Submitted to: International Workshop on Uncertainty, Sensitivity, and Parameter Estimation For Multimedia Environmental Modeling
Publication Type: Abstract Only
Publication Acceptance Date: 8/20/2003
Publication Date: 8/21/2003
Citation: Pachepsky, Y.A., Van Genuchten, M.T., Nicholson, T., Cady, R. 2003. Model abstraction techniques related to parameter estimation and uncertainty.
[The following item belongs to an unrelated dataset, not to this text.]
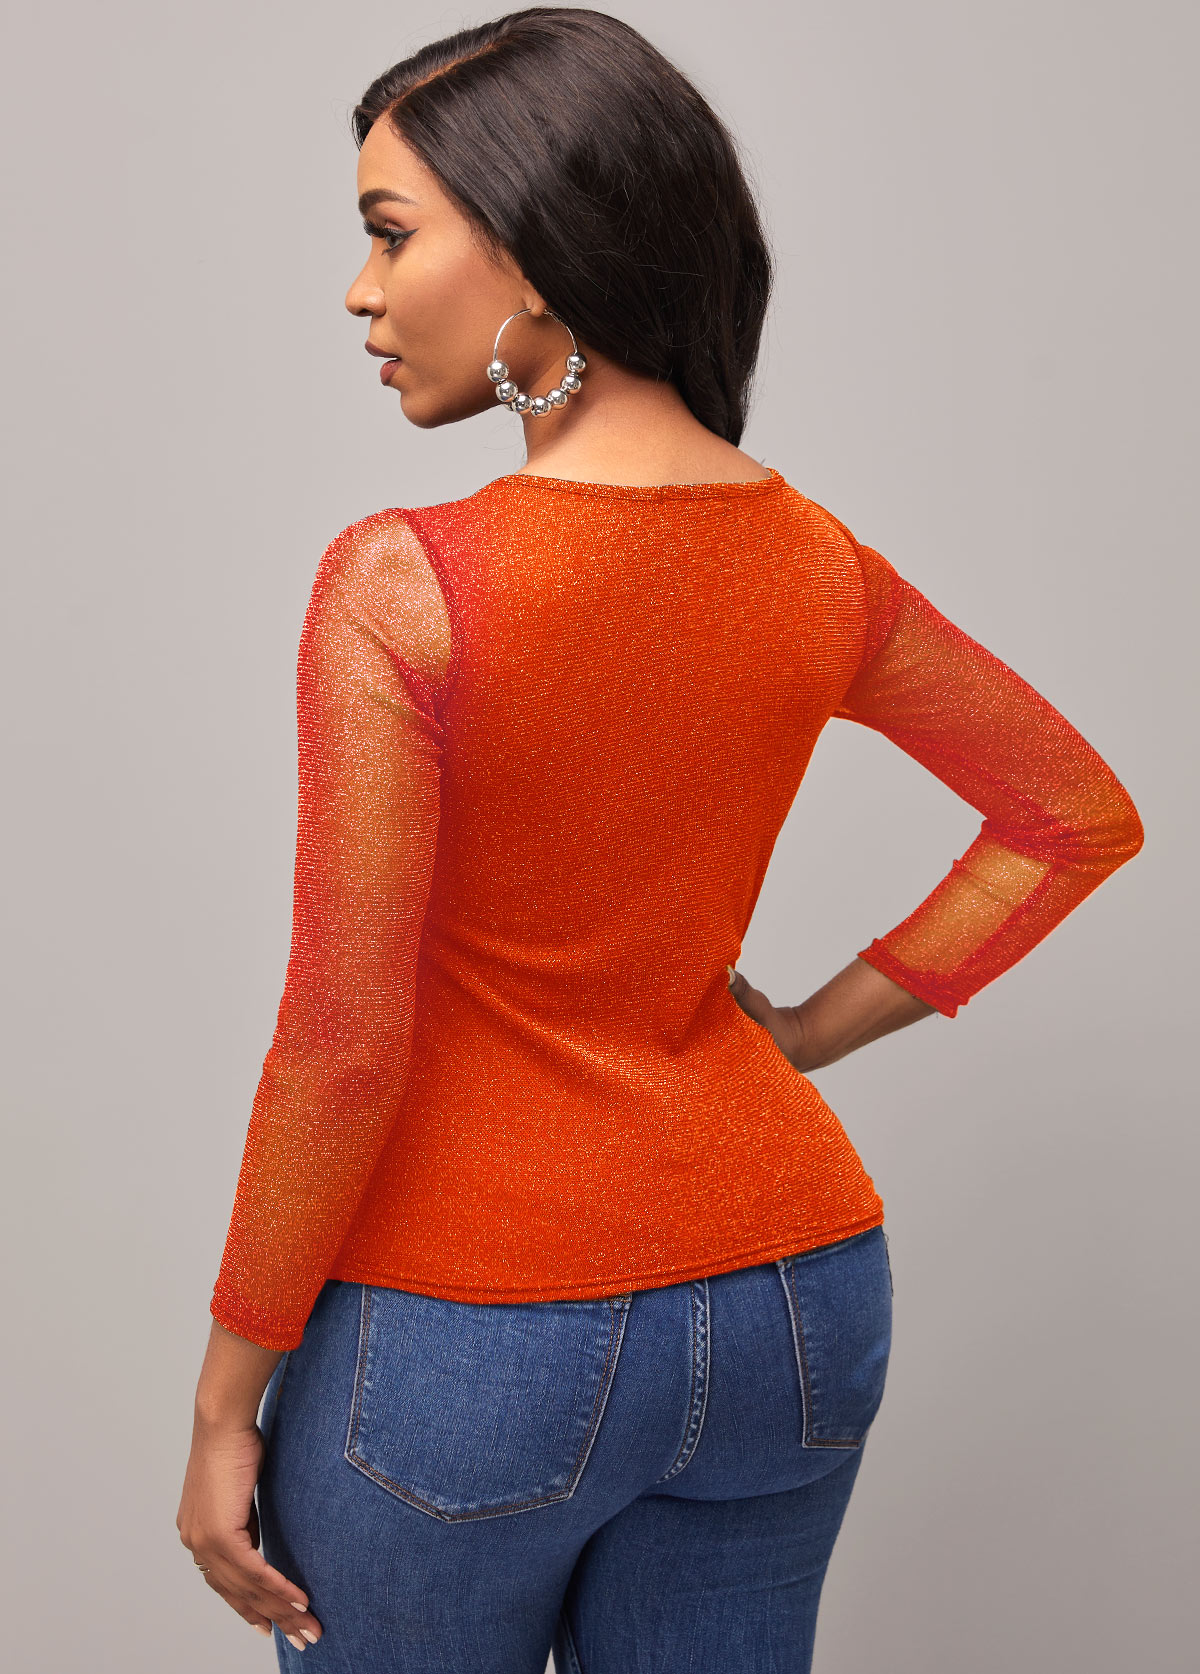 Mesh Stitching Orange Round Neck T Shirt

International Workshop on Uncertainty, Sensitivity, and Parameter Estimation For Multimedia Environmental Modeling. p.2.

Interpretive Summary:

Technical Abstract: Model abstraction is a methodology for reducing the complexity of a simulation model while maintaining the validity of the simulation results with respect to the question that the simulation is being used to address. The need for model abstraction is recognised in simulations of complex systems where increased level of detail does not necessarily imply increased accuracy of simulation results, but usually increases computational complexity, data collection density, uncertainty of results, and may make simulation results more difficult to interpret. Simplifications that result from appropriate model abstractions may make the description of the problem more easily relayed to and understandable by others, including decision-makers and the public. It is often imperative to explicitly acknowledge the abstraction strategy used and its inherent biases, so that the modeling process is transparent and tractable. Model abstraction explicitly deals with uncertainties in model structure. We review model abstraction techniques and examples of their application in subsurface flow and transport. We conclude that for model development calibration, and simulations, prospective direction should be model structure, model function, and model form modifications, respectively. Field data sets for a humid and for an arid environment were selected based on their completeness and complexity to explore specific issues. Future work with field data sets will compare the efficiency of model analysis techniques and provide a basis for developing rule-based strategies for model abstraction in the area of subsurface water and solute transport.